Unsurprisingly — and, to a great extent, justifiably — Social Security, which makes monthly payments averaging $1,538 to 49 million retirees (it supports millions more via programs for surviving spouses, dependents and disabled workers), enjoys near-sacrosanct political status. Democrats and Republicans alike say they want to attack the debt while keeping Social Security “off the table.”
This is further proof that bipartisan consensus and sound policy are two very different things. There is no serious approach to fiscal sustainability that excludes Social Security. It spent $1.2 trillion in fiscal 2022, or about 21 percent of the total — $5.8 trillion — that Washington spent for all purposes. These outlays are rising inexorably as the population ages: The Congressional Budget Office estimates Social Security’s price tag will nearly double between now and 2033, to $2.3 trillion, or 24 percent of federal spending.
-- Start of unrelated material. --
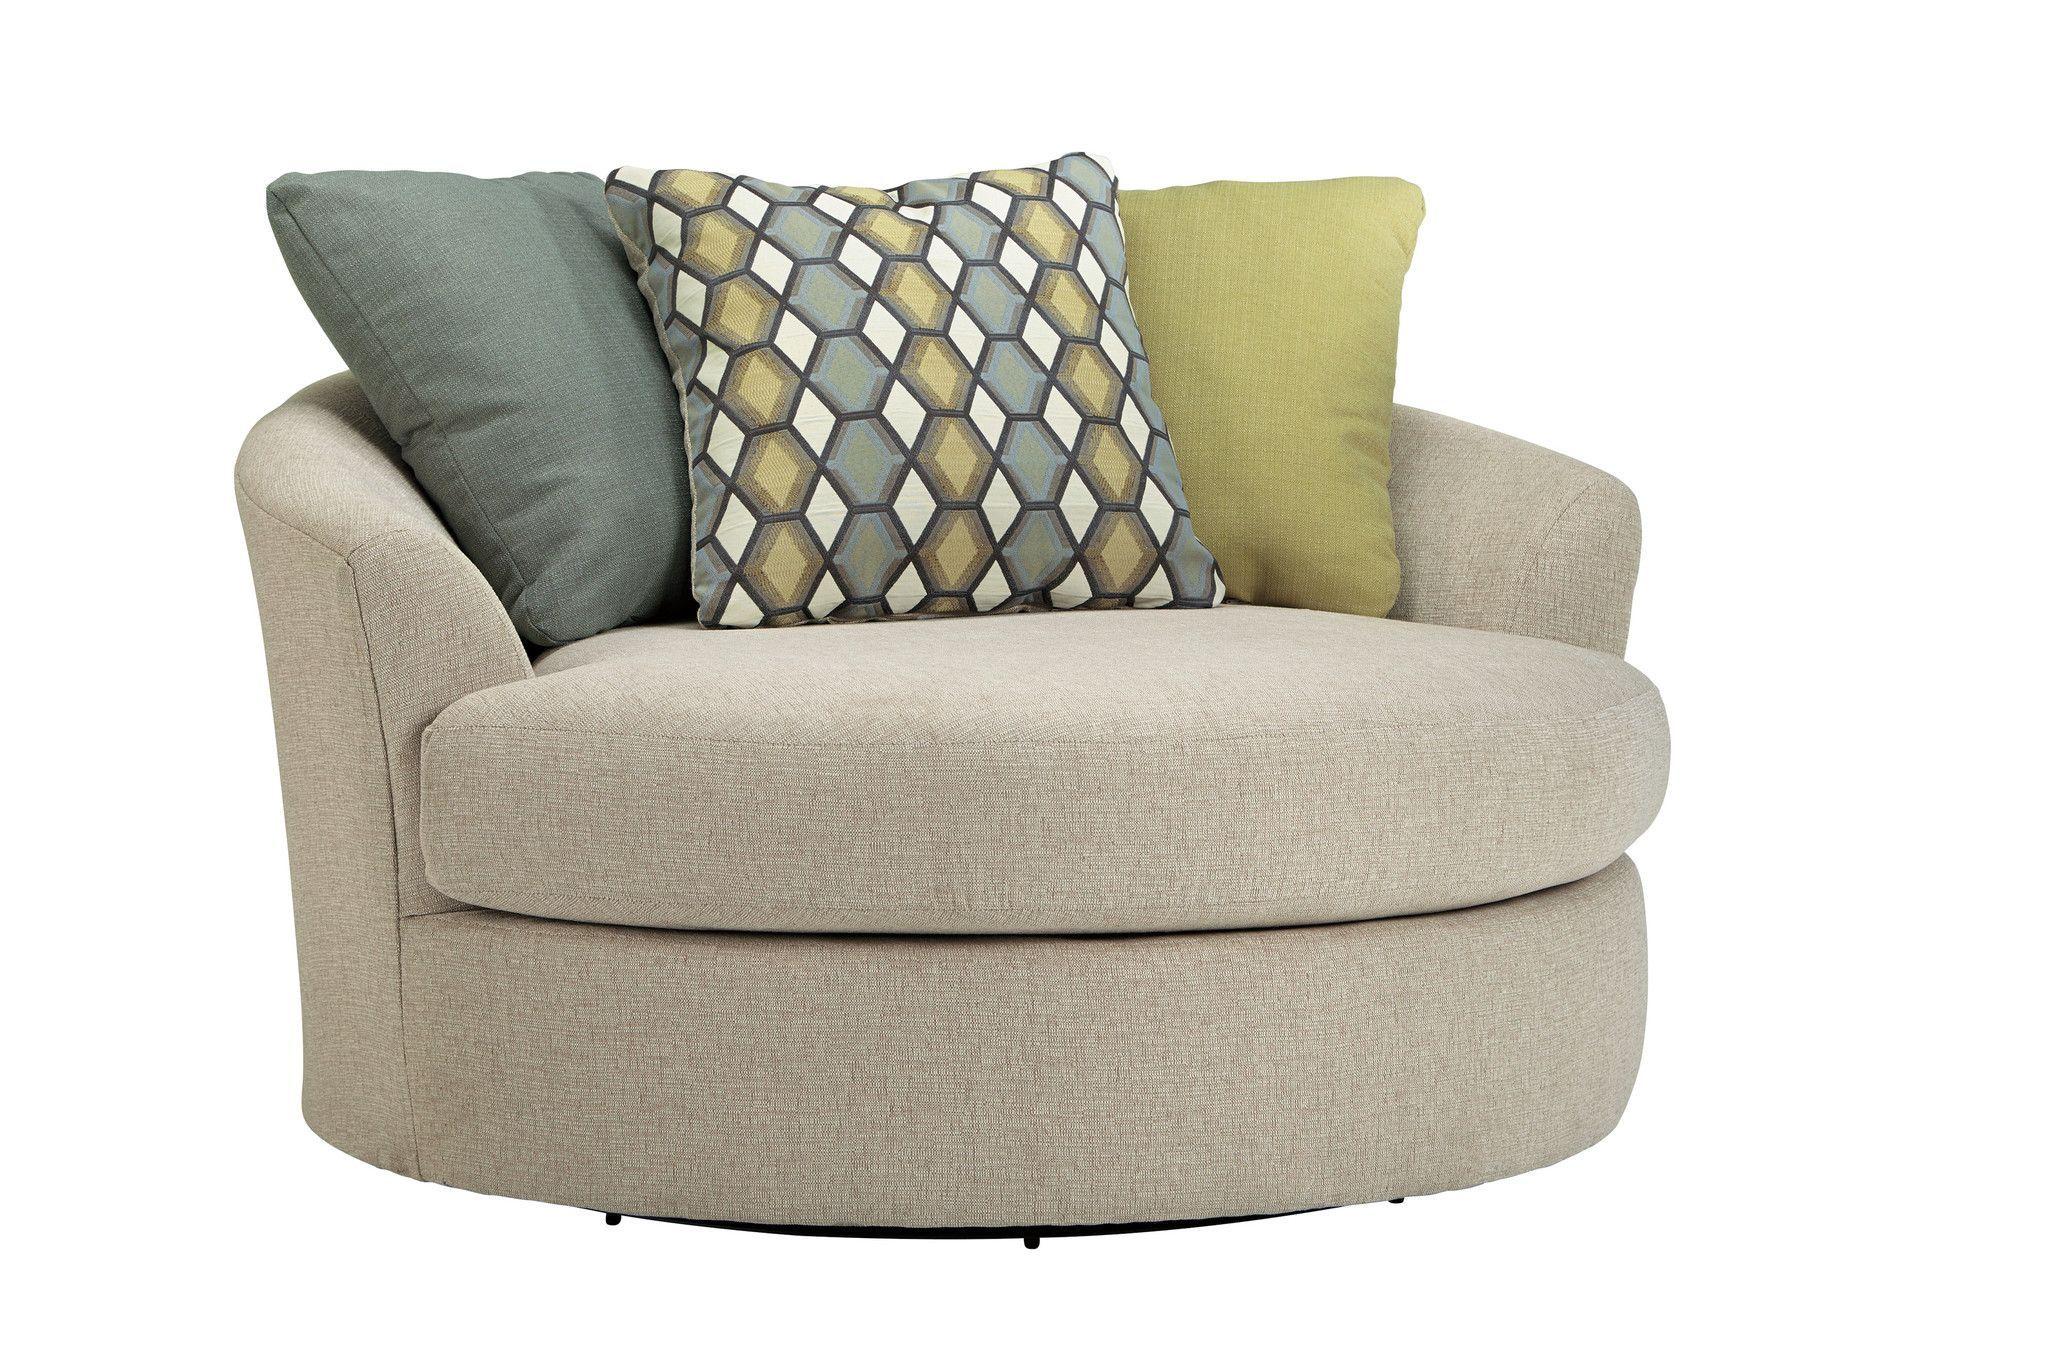 Swivel Chair Nebraska Furniture Mart Nailhead Dining Chairs Casheral Oversized Snuggle

Contrary to common misconception, Social Security does, indeed, contribute to federal debt and deficits. On paper, its dedicated revenue stream — mainly a 12.4 percent payroll tax, split between employees and employers — goes into a trust fund. But in financial reality, the government taps that trust fund via regular borrowing. Since 2021, the trust fund has paid out more than it has taken in, and when it’s finally exhausted in 2034, Congress will face a choice between limiting benefits to what it can pay from current Social Security tax receipts — i.e., cutting them 20 percent — or borrowing from other sources to pay them in full. It will almost certainly choose the latter.